Sources (web): - Mazilu et al. 2023, MDPI / IJMS · PMC mirror - Pehl/Preuße 2023, Rheumatology (PubMed) - ICI-related EF 2025 (PubMed) - Aplastic anemia in EF (PubMed) · Severe AA + EF, 4 cases (PMC) - Reslizumab in refractory EF (PubMed) · Sirolimus in nivolumab-EF (PubMed) - MRI findings (PubMed) · EF following COVID-19 (PubMed) - Biologic treatment in resistant EF (PMC) · Early EF diagnosis/treatment (PMC) - Medscape EF overview


Quick orientation for the KB entry

  • MONDO:0009175 confirmed; ICD-10 M35.4, ICD-11 4A43.0; no OMIM (acquired, non-Mendelian).

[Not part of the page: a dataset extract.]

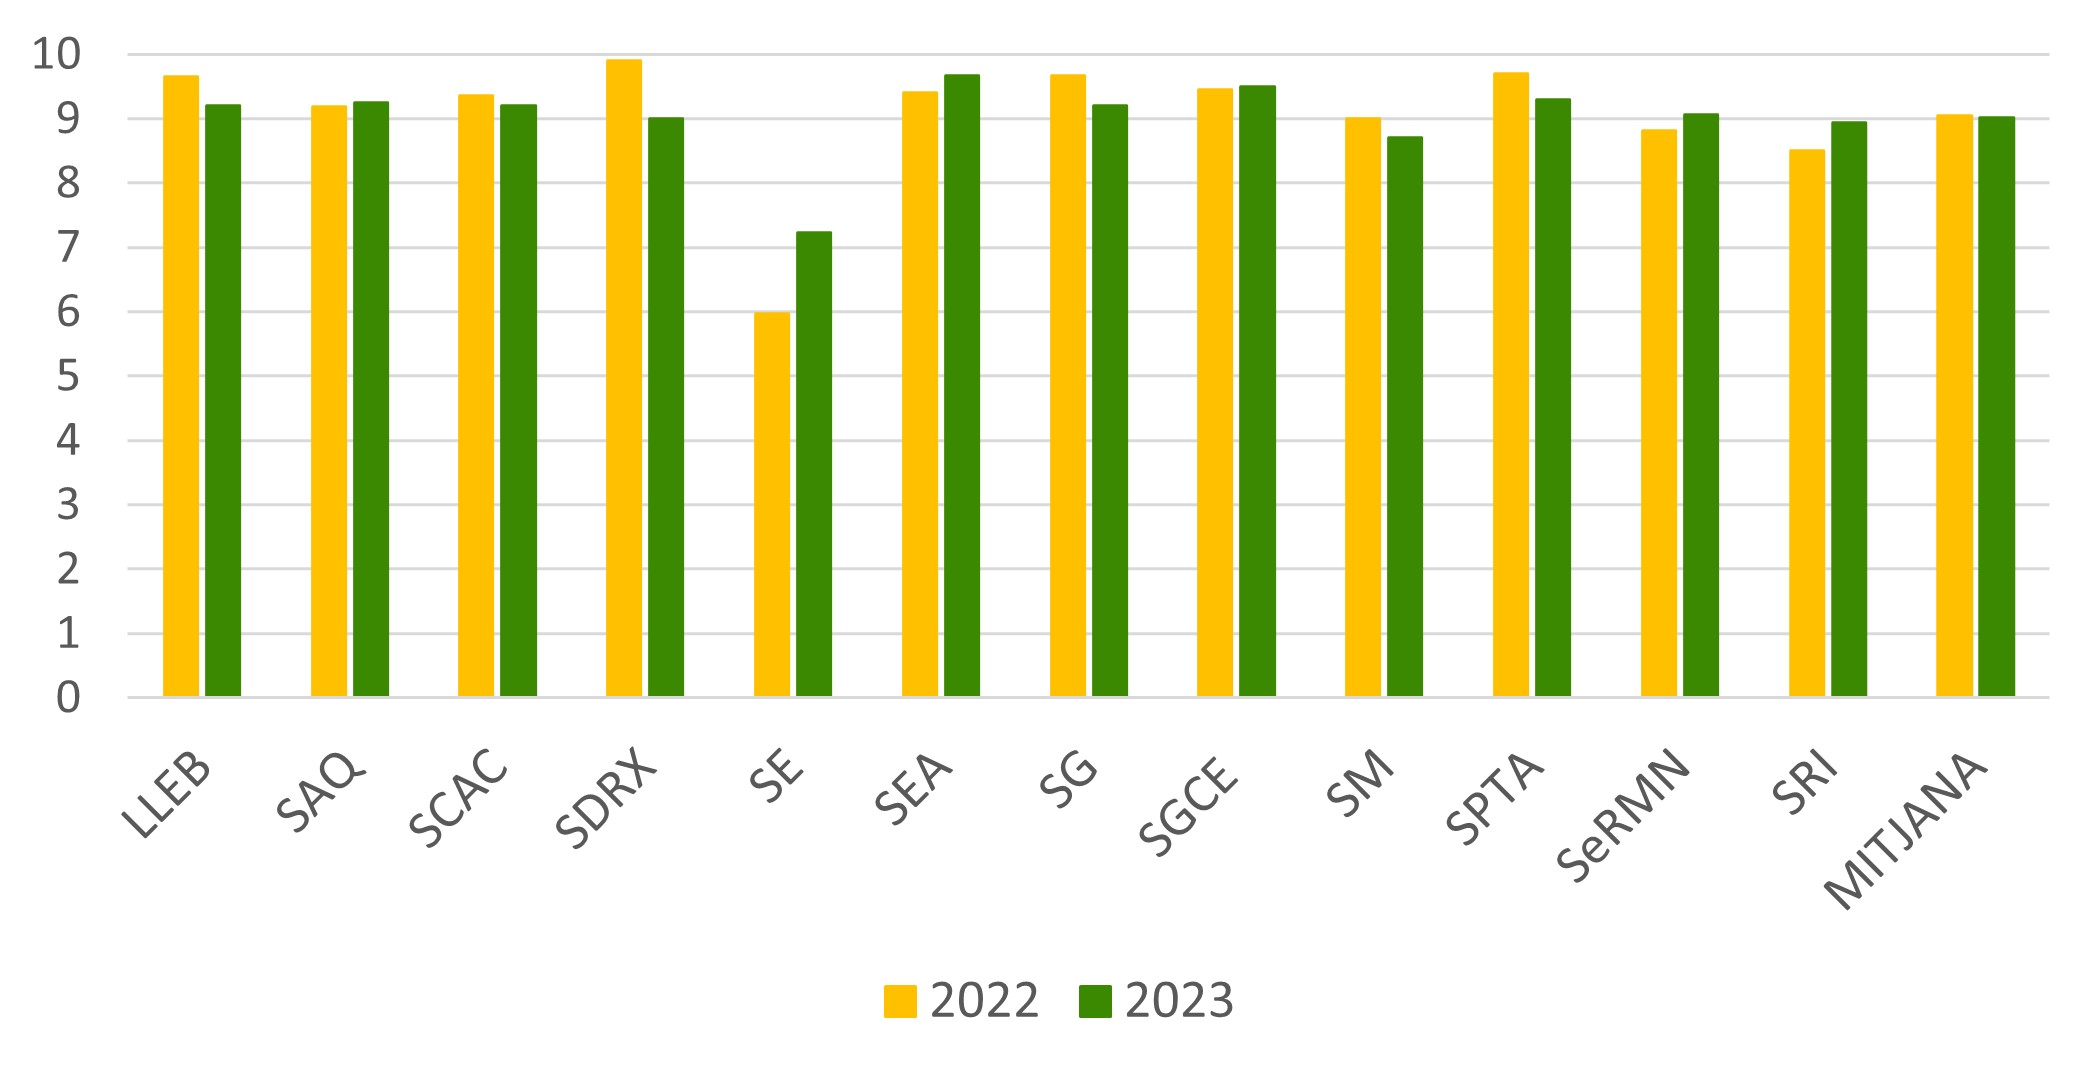 Gráfico comparativo del grado de satisfacción del 2023 respecto al 2022

  • Model the pathophysiology as a causal chain: trigger → Th2/eosinophil activation (IL-5↑, IL-4/STAT6) → fibroblast activation via TGF-β1↑ + TIMP↑/ECM deposition → fascial fibrosis → contractures. Consider declaring conforms_to: fibrotic_response#Mesenchymal Cell Activation (tissue injury → inflammation → fibroblast activation → ECM → organ/limb dysfunction maps cleanly here).

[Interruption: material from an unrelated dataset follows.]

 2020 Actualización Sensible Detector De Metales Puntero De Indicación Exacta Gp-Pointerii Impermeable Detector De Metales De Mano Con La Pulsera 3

  • Leave genetics/inheritance/model-organism sections explicitly "not applicable / knowledge gap" rather than fabricating gene or variant annotations.
  • Capture the hematologic-disorder association (~10%) and morphea overlap (29–40%) — good candidates for comorbidity/association_signals and differentiating notes.

One caution from your own memory bank that applies here: NCIT drug terms often fail therapeutic_agent validation, so prefer CHEBI for prednisone/methotrexate/MMF/cyclosporine/sirolimus, and reserve NCIT for biologics (rituximab) that lack a clean CHEBI term.